* _WHAT YOU NEED TO DO_
Set down again exactly the lines of the listing below that fall between the line holding "buy FLOS Gino" and the line holding "Bitcoin Mining Infographic", inclusive.

* _RECORD EXTRACTS_

----

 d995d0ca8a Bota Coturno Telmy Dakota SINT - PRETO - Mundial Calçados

----

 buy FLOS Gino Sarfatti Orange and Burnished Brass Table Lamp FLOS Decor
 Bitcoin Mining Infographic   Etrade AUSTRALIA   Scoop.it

----

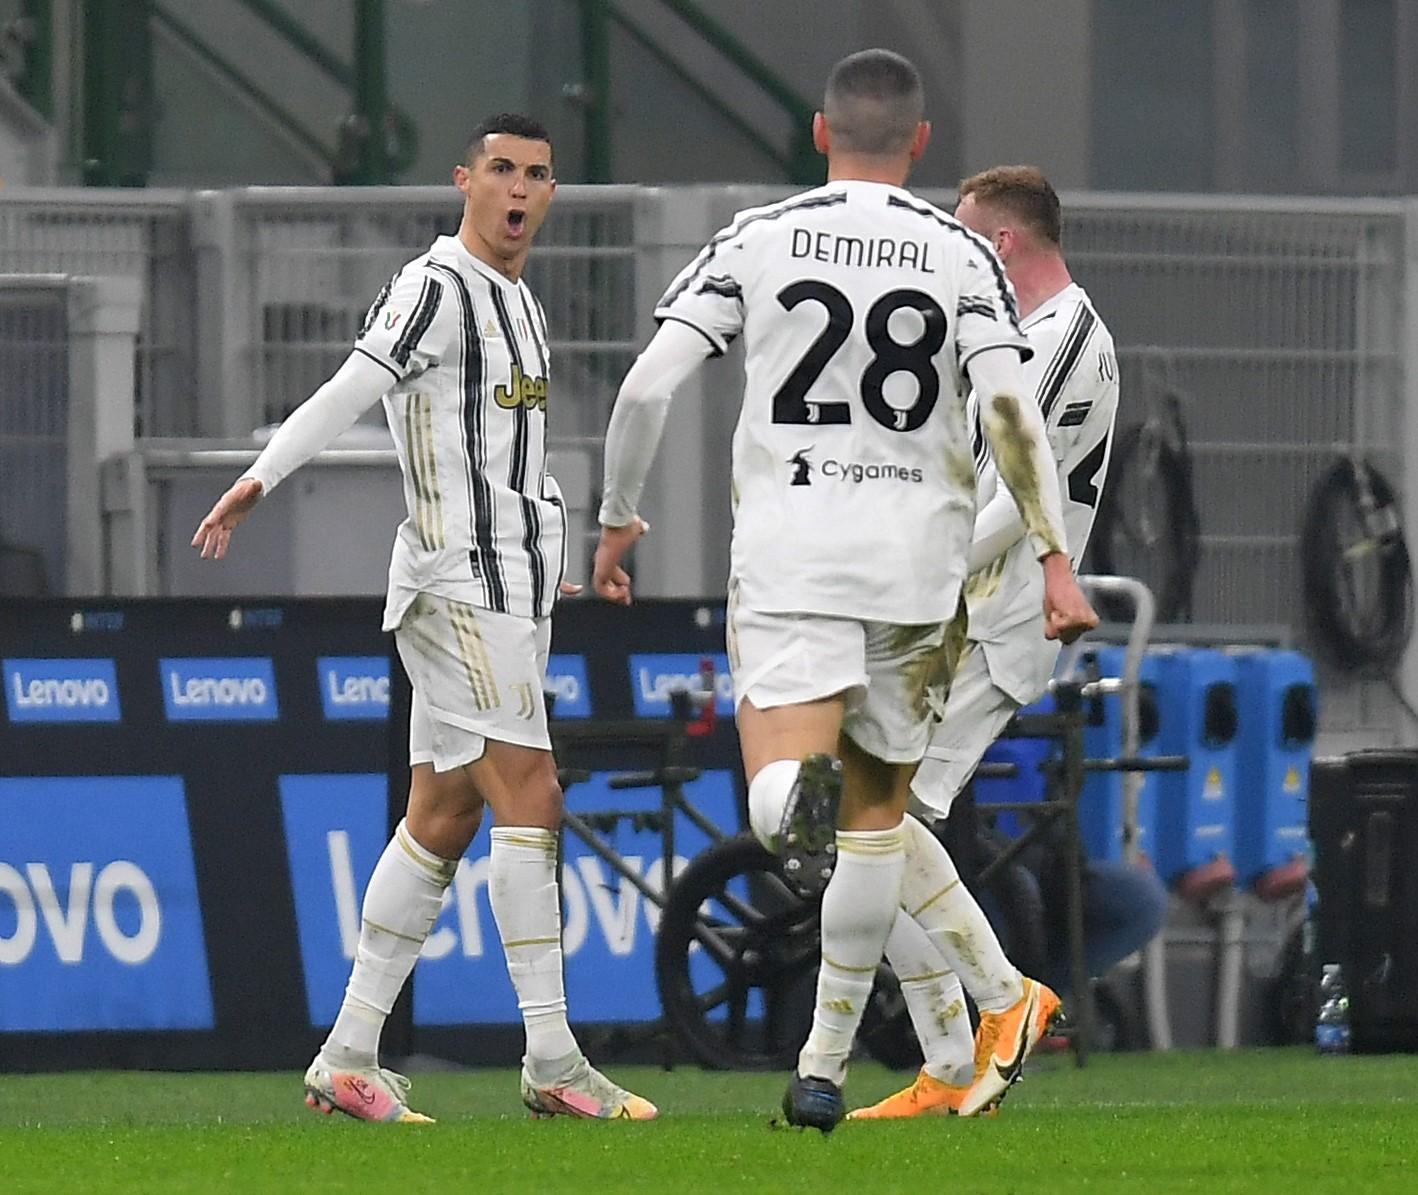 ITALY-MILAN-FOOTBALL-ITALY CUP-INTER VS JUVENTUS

----

* _PROBLEM SOLUTION_
 buy FLOS Gino Sarfatti Orange and Burnished Brass Table Lamp FLOS Decor
 Bitcoin Mining Infographic   Etrade AUSTRALIA   Scoop.it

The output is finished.